There are few reports about Q fever in horse populations worldwide. This study aimed to detect the C. burnetii infection by serologic and molecular confirmation using commercial ELISA kit and real-time PCR in the East of Iran a region highly endemic. A total of 177 blood samples and 115 vaginal swabs were randomly collected from horses in East of Iran. The sera samples were analyzed for anti C.burnetii Ig G antibodies by a commercial ELISA kit and nucleic acid extraxted from vaginal samples were used to determine the C. burnetii DNA by real-time PCR assay. Antibodies were detected in 5.64 % (10/177) of sera samples and C. burnetii DNA was detected in 7.82 % (9/115) of horse vaginal samples. There was no significant difference in seroprevalence in different sex, age and breed groups. Our study showed that horses could be considered as a mild potential reservoir of C. burnetii which may be effective on horse health status. However, additional studies are needed to assess whether the horse could be considered as a relevant transmission risk indicator for Q fever.     

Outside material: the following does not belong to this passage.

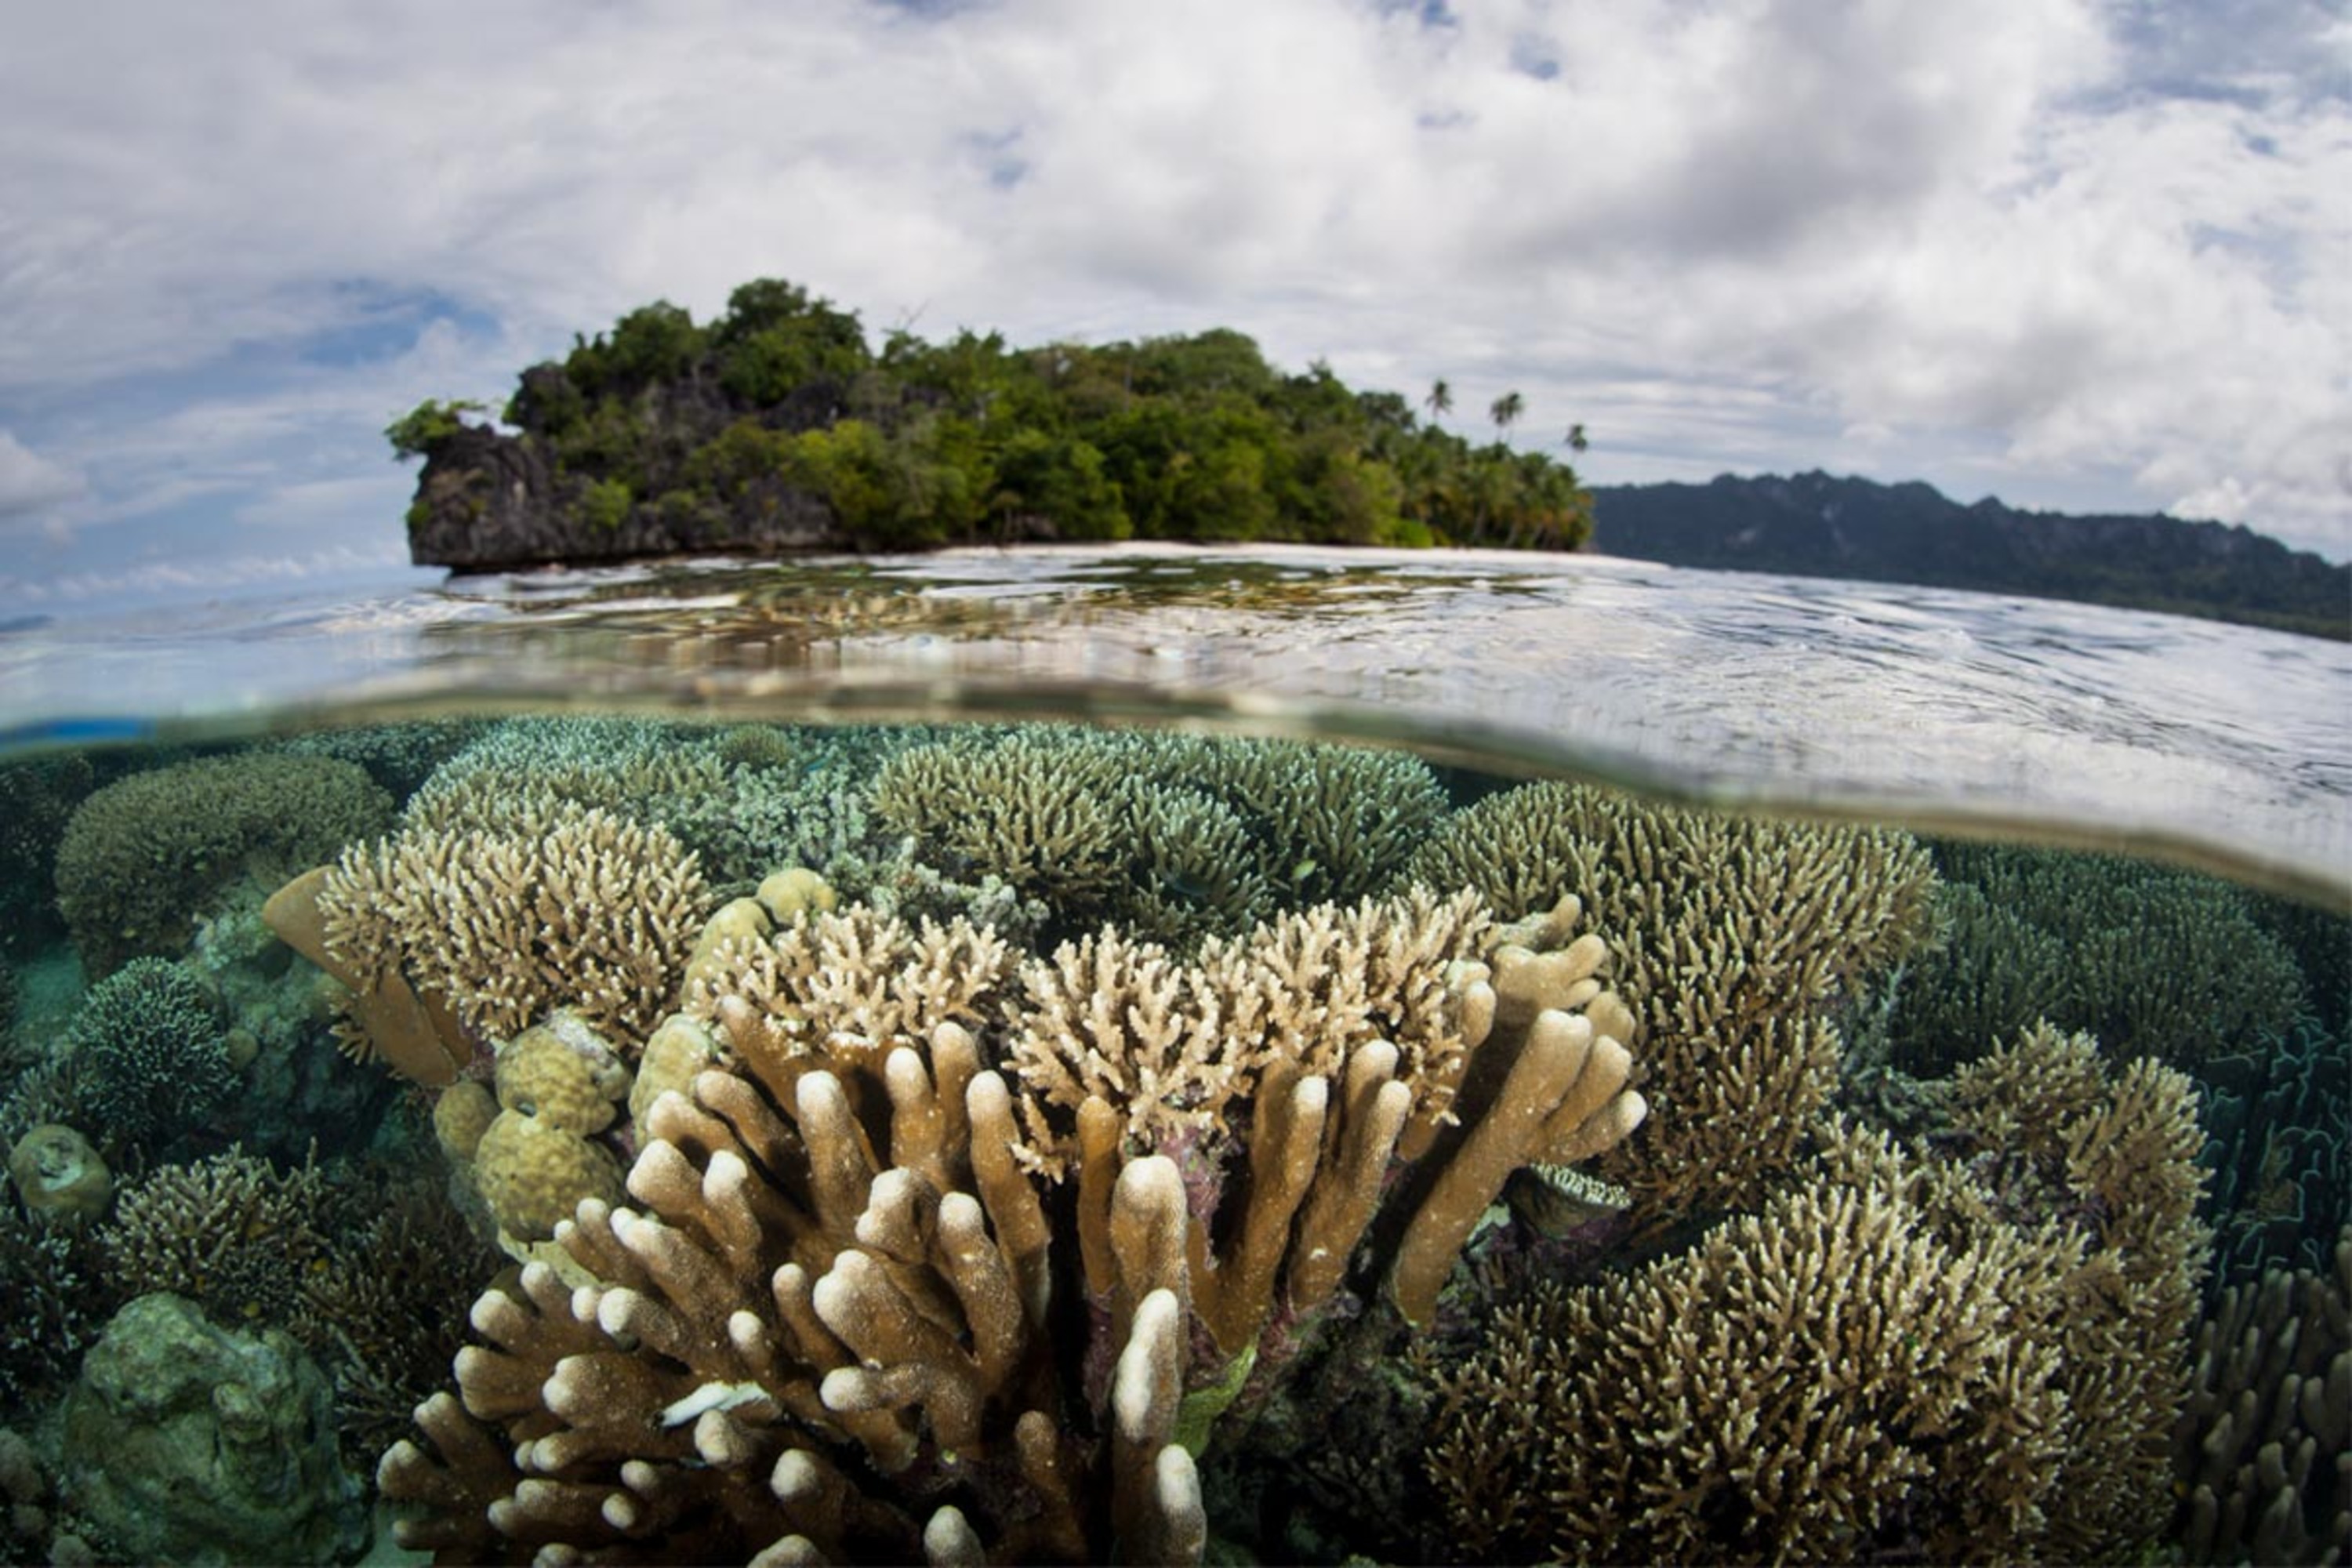 La biodiversité illustrée par cette photo aquatique montrant en premier plan la vie sous l'eau (corail, algues sable) et en second plan la vie hors de l'eau (arbres, ciel et nuages)

Comparative diagnostic potential of three serological tests for abortive Q fever in goat herds

Performances of an ELISA, an immunofluorescence assay (IFA) and a complement fixation test (CFT) were assessed for detecting antibodies against Coxiella burnetii after Q fever abortions in naturally infected goats. The goal of the study was to provide information useful for veterinary serodiagnosis in regard to categories of goats either experiencing Q fever abortion or not, blood sampling times and recommended cut-offs. The study was conducted on eight goat herds with evidence of C. burnetii abortions. In each herd, at least 5 goats that had aborted and 10 goats prior to parturition or at term were monitored 15, 30 and 60 days (D15, D30, D60) after the onset of Q fever abortion. The overall CFT results distribution did not differ between the two groups of goats and showed poor agreement with the ELISA results. In contrast, the ELISA and IFA results revealed comparable significant differences, but overall the ELISA test was slightly more sensitive than the IFA test. Seroprevalence, according to ELISA and IFA respectively, was higher in the aborting (88% and 82%) than in the non-aborting group (60% and 50%). High levels of serum antibodies were detected in goats post-abortion with an average of 114 %OD using ELISA and a log10(titer) of 2.4 using IFA. Strongly positive ELISA (%OD>80) and positive IFA results (log10(titers)>1.9) were significantly associated with abortion. Sampling on D15 gave the best association with ORs of 10 for ELISA and 6 for IFA. The practical interest of these results is discussed.     

Experimental Coxiella burnetii infection in pregnant goats: excretion routes

Q fever is a widespread zoonosis caused by Coxiella burnetii. Infected animals, shedding bacteria by different routes, constitute contamination sources for humans and the environment. To study Coxiella excretion, pregnant goats were inoculated by the subcutaneous route in a site localized just in front of the shoulder at 90 days of gestation with 3 doses of bacteria (10(8), 10(6) or 10(4) i.d.). All the goats aborted whatever the dose used. Coxiella were found by PCR and immunofluorescence tests in all placentas and in several organs of at least one fetus per goat. At abortion, all the goats excreted bacteria in vaginal discharges up to 14 days and in milk samples up to 52 days. A few goats excreted Coxiella in their feces before abortion, and all goats, excreted bacteria in their feces after abortion. Antibody titers against Coxiella increased from 21 days post inoculation to the end of the experiment. For a Q fever diagnostic, detection by PCR and immunofluorescence tests of Coxiella in parturition products and vaginal secretions at abortion should be preferred to serological tests.